Cette graisse peut-être due, entre autres facteurs, à un déséquilibre entre les apports et les dépenses énergétiques. Des apports supérieurs aux besoins de l’organisme sont stockés sous forme de cellules adipeuses, servant par la suite de réserves énergétiques.
L’OMS définit la santé comme « un état de complet bien-être physique, mental et social, et ne consiste pas seulement en une absence de maladie ou d'infirmité », or en raison de sa progression rapide au niveau mondial, l’OMS a classé en 1997 l’obésité parmi les maladies mettant en cause le bien-être physique, psychologique et social de l’individu.
L’obésité reste un des défis majeurs de santé publique du XXIe siècle avec le développement de mesures de prévention et une prise en charge du surpoids et de l’obésité.
Indice de masse corporelle (IMC)
La surcharge pondérale est estimée par l’Indice de Masse Corporelle (IMC) ou en anglais le Body Mass Index BMI. C’est un indicateur calculé par le rapport : poids (kg)/[taille (m)]², et exprimé en kg/m².
Cette mesure s’applique aux deux sexes et à toutes les tranches d’âge adulte.
Selon l’OMS, le surpoids est défini par un IMC compris entre 25 et 30 kg/m² et l’obésité par un IMC supérieur ou égal à 30 kg/m².
Source : Organisation Mondiale de la Santé - Infographie réalisée par nos soins, 2020
Un facteur autre que l’IMC intervient dans le diagnostic d’un excès de masse grasse : la répartition du tissu adipeux. Deux types d’obésité sont alors définis :
- l’obésité gynoïde : graisses reparties dans la partie basse du corps
- l’obésité androïde : graisses au niveau de l’abdomen.

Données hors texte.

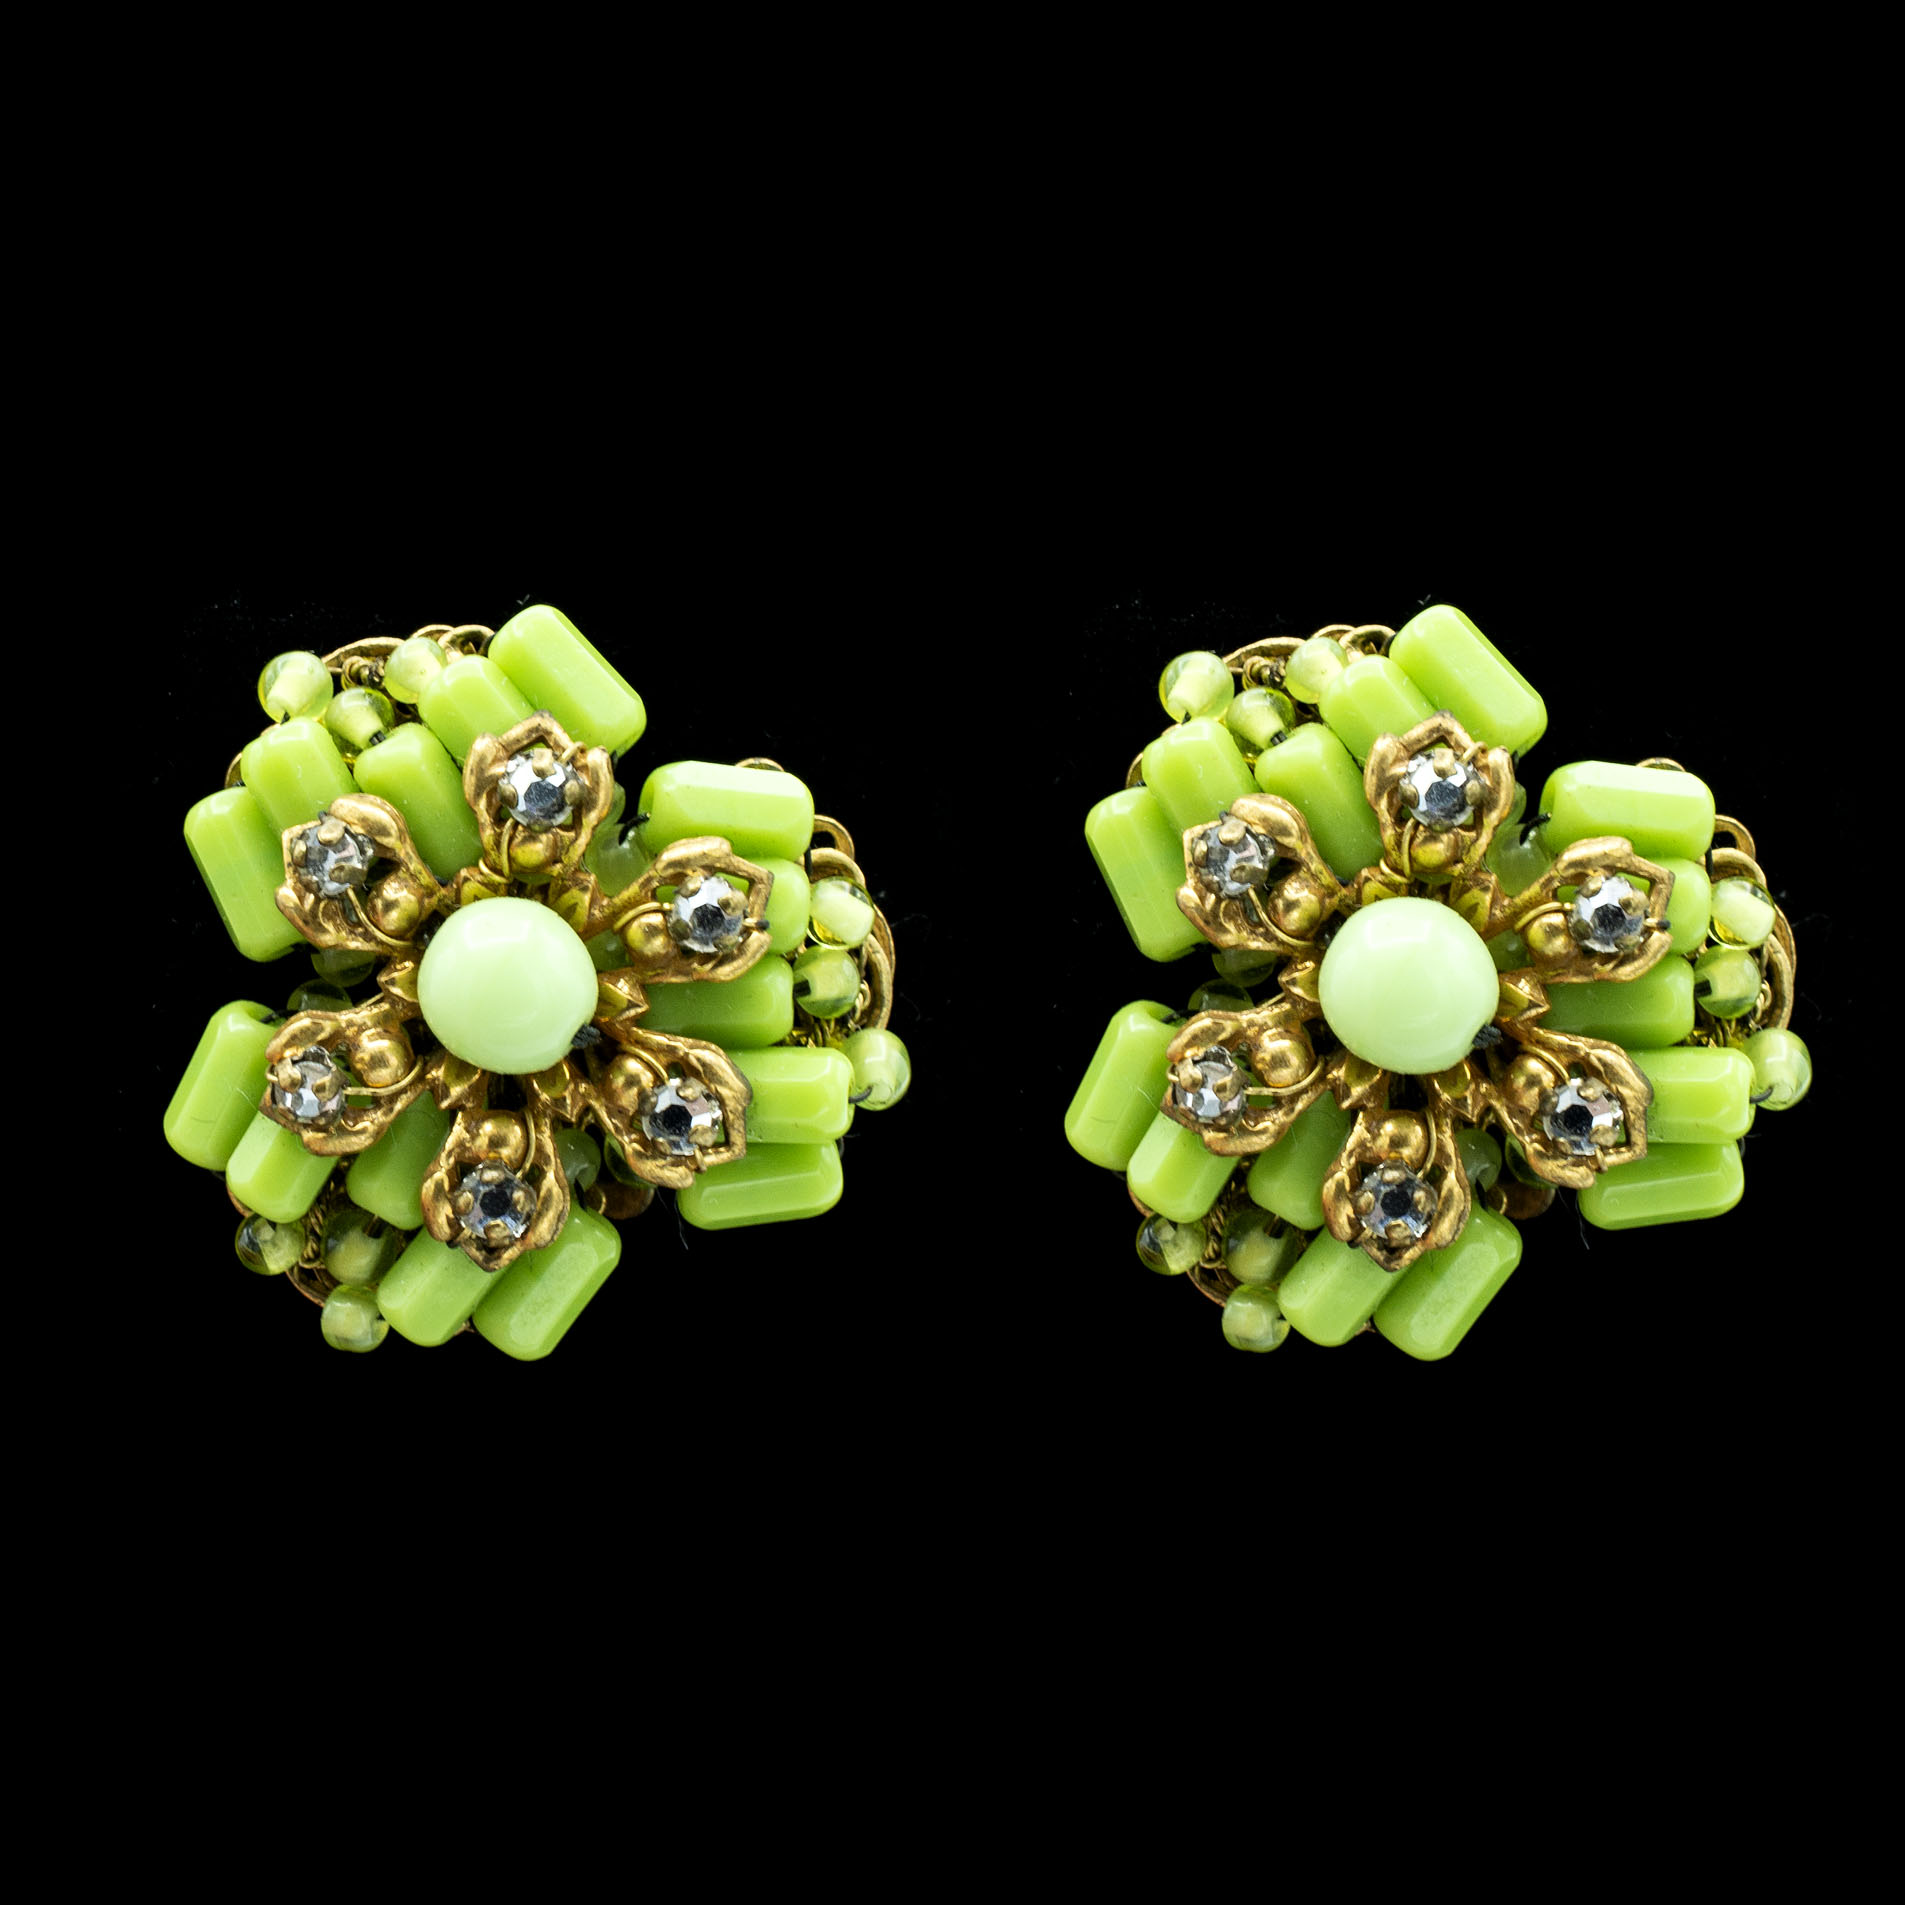 Baqijian Silver Color Love Heart Ring Stackable Ring Purple Zircon Women Wedding Jewelry Pa7210 Red 7

Adiposité abdominale et risque de complications métaboliques
Pour un IMC supérieur à 25 kg/m2 et inférieur à 35 kg/m2, l’examen clinique doit être complété par la mesure du tour de taille, réalisée à mi-distance entre la dernière côte et le sommet de la crête iliaque.
Un tour de taille élevé est un indicateur de l’excès de graisse au niveau abdominal. Cet excès est associé, indépendamment de l’IMC, au développement de complications métaboliques et vasculaires (diabète de type 2, hypertension, maladies respiratoires, rénales,…) liées à l’obésité. Le tour de hanches, mesuré juste au-dessus des muscles fessiers, permet le calcul du rapport tour de taille/tour de hanche, marqueur lui aussi d’une adiposité abdominale.
Epidémiologie
Le nombre d’hommes en surpoids est plus important que celui des femmes alors que l’obésité touche les deux sexes de manière équivalente. En France, en 2015, environ la moitié des adultes sont en surcharge pondérale avec la répartition suivante : 49 % en surpoids et 17 % obèses (soit plus de 8 millions de personnes). L’obésité augmente avec l’âge, mais décroit à partir de 65 ans. (Santé Publique France - Enquête Esteban 2015).
La prévalence de l’obésité a été multipliée par 6 entre 1975 et 2014. A taille égale, les hommes ont augmenté leur poids de 7 kg et les femmes de 6 kg en 39 ans. (Handbook volume 16).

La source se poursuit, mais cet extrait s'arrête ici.